Die Untersuchung wurde vom nordirischen Department of Health in Auftrag gegeben und liegt nun in voller Länge vor. Ihr Kernbefund: Zwischen dem, was zahnärztliche Versorgung tatsächlich kostet, und dem, was dafür gezahlt wird, klafft eine erhebliche Lücke. Diese Lücke gefährdet aus Sicht des Berichts die Tragfähigkeit der aktuellen Strukturen – und damit auch den Zugang der Patientinnen und Patienten zur Regelversorgung. Die Zahnärzteschaft hatte entsprechende Sorgen bereits mehrfach geäußert; der Bericht untermauert sie nun mit Zahlen.

Gesundheitsminister Robbie Butler hat bei der Veröffentlichung deutlich gemacht, dass man die Sorgen der Zahnärzteschaft um faire Honorare ebenso anerkenne wie die Auswirkungen auf wartende Patienten. Gleichzeitig sei die finanzielle Lage so angespannt, dass die im Bericht bezifferten Investitionen derzeit nicht in voller Höhe geleistet werden könnten. Transparenz sei wichtig, begründete er die Entscheidung, den Bericht vollständig zu veröffentlichen, anstatt ihn in der Schublade verschwinden zu lassen.

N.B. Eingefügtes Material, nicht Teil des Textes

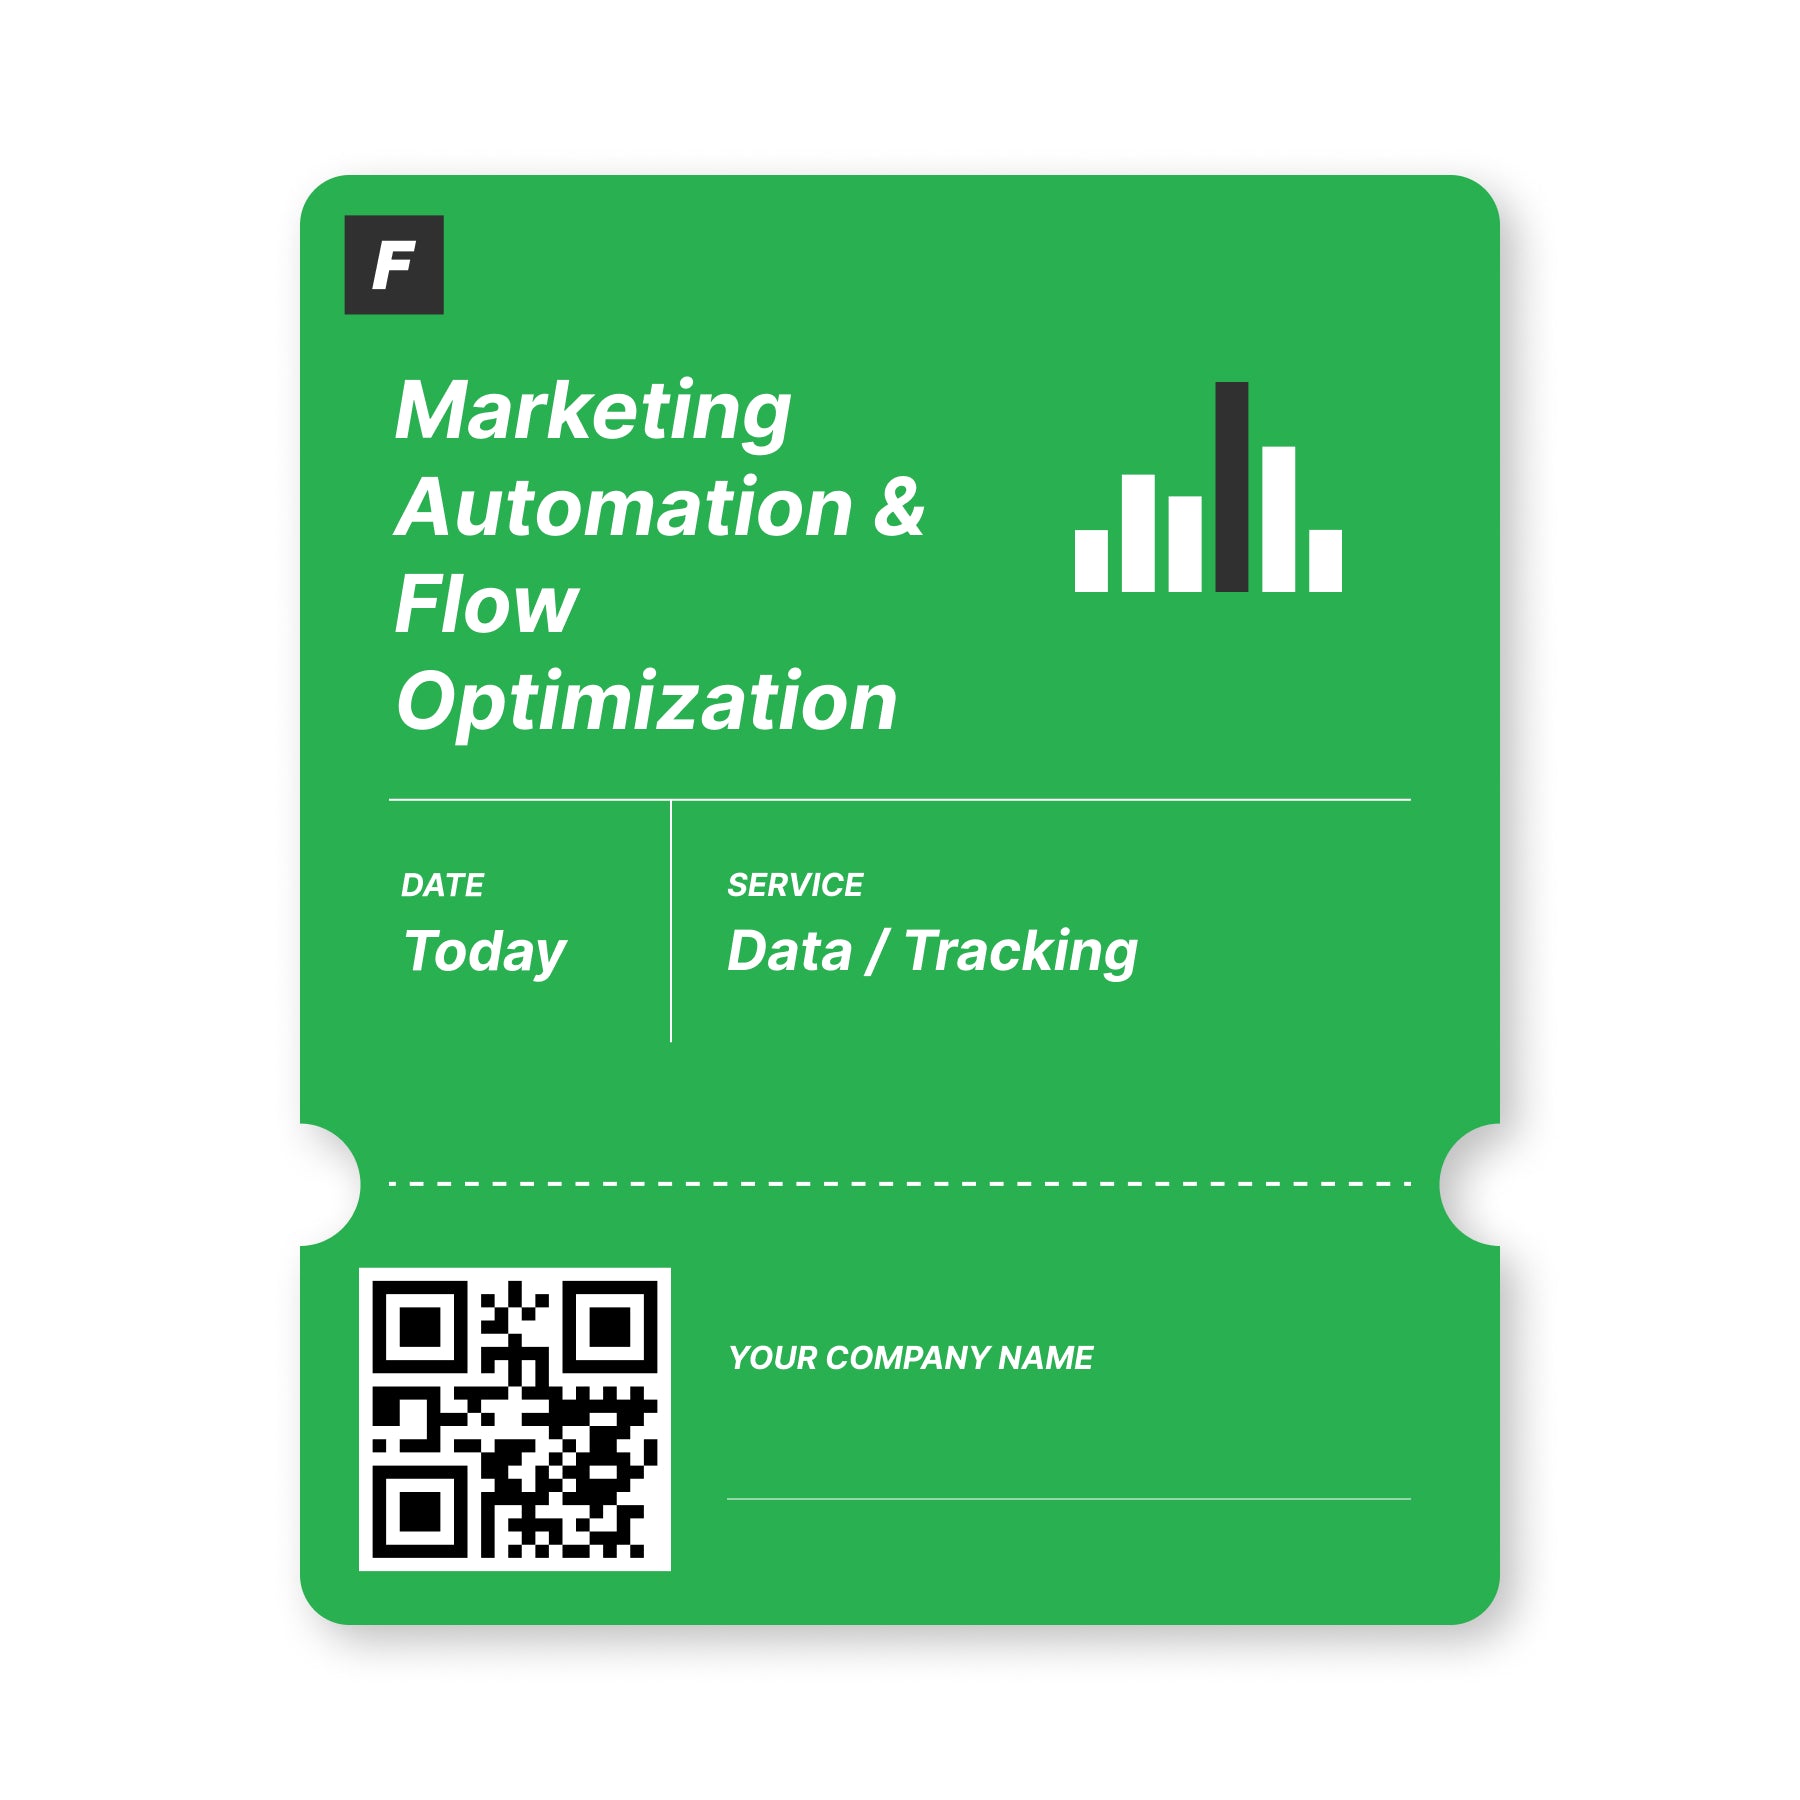 Marketing Automation & Flow Optimization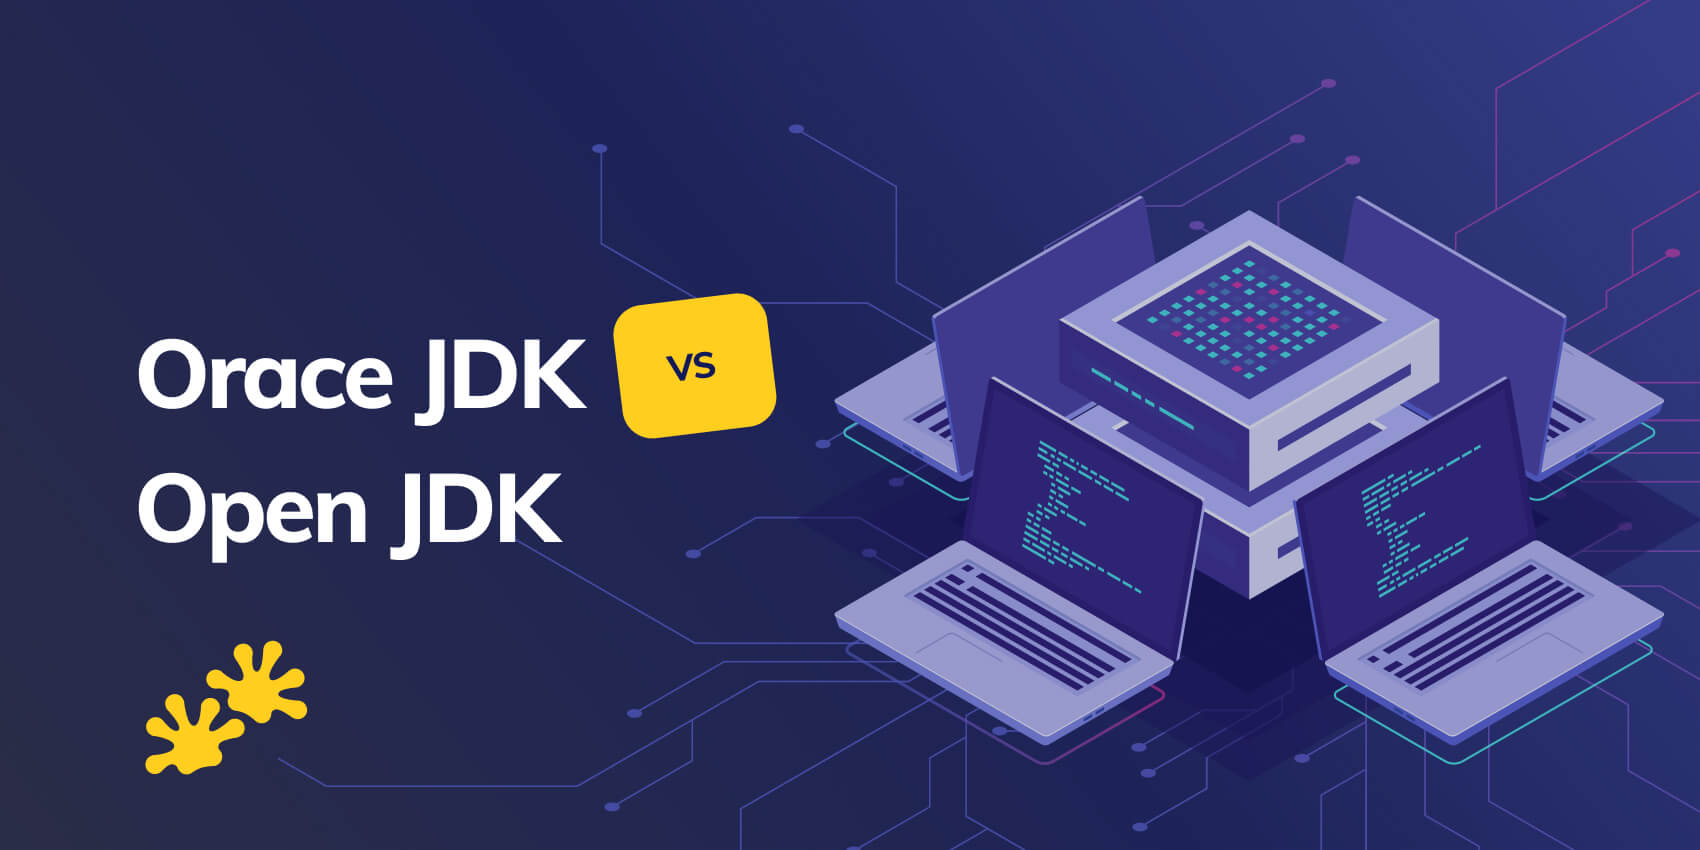 Oracle JDK vs Open JDK

Was folgt – und was Sie selbst in der Hand haben

Das Ministerium kündigte an, gemeinsam mit der British Dental Association und weiteren Beteiligten eine Optionsbewertung für eine Honorarreform durchzuführen. Am Ende dieses Prozesses soll eine öffentliche Konsultation stehen. Veränderungen werden also Zeit brauchen – und bis dahin gilt: Kein Patient kann allein vom System abhängig sein.

Was bedeutet das für Sie konkret? Der Bericht verdeutlicht vor allem eins: Ein stabiles Vertrauensverhältnis zu Ihrer Zahnarztpraxis und eine konsequente eigene Routine sind der beste Schutz dagegen, im Ernstfall ohne Anlaufstelle dazustehen. Regelmäßige Kontrolluntersuchungen alle sechs Monate, eine gründliche häusliche Routine mit fluoridhaltiger Zahnpasta und Zahnseide sowie das ehrliche Ansprechen selbst kleiner Beschwerden beim nächsten Termin – all das verlängert die Zeit, in der Ihre eigene Zahnsubstanz erhalten bleibt. So verringern Sie die Wahrscheinlichkeit, dass aus einer kleinen Stelle ein aufwendiger Eingriff wird.

Mein Tipp: Tragen Sie Ihren nächsten Vorsorgetermin jetzt gleich in den Kalender ein. Sechs Monate sind ein gutes Intervall, um Probleme zu erkennen, solange sie noch klein und gut behandelbar sind.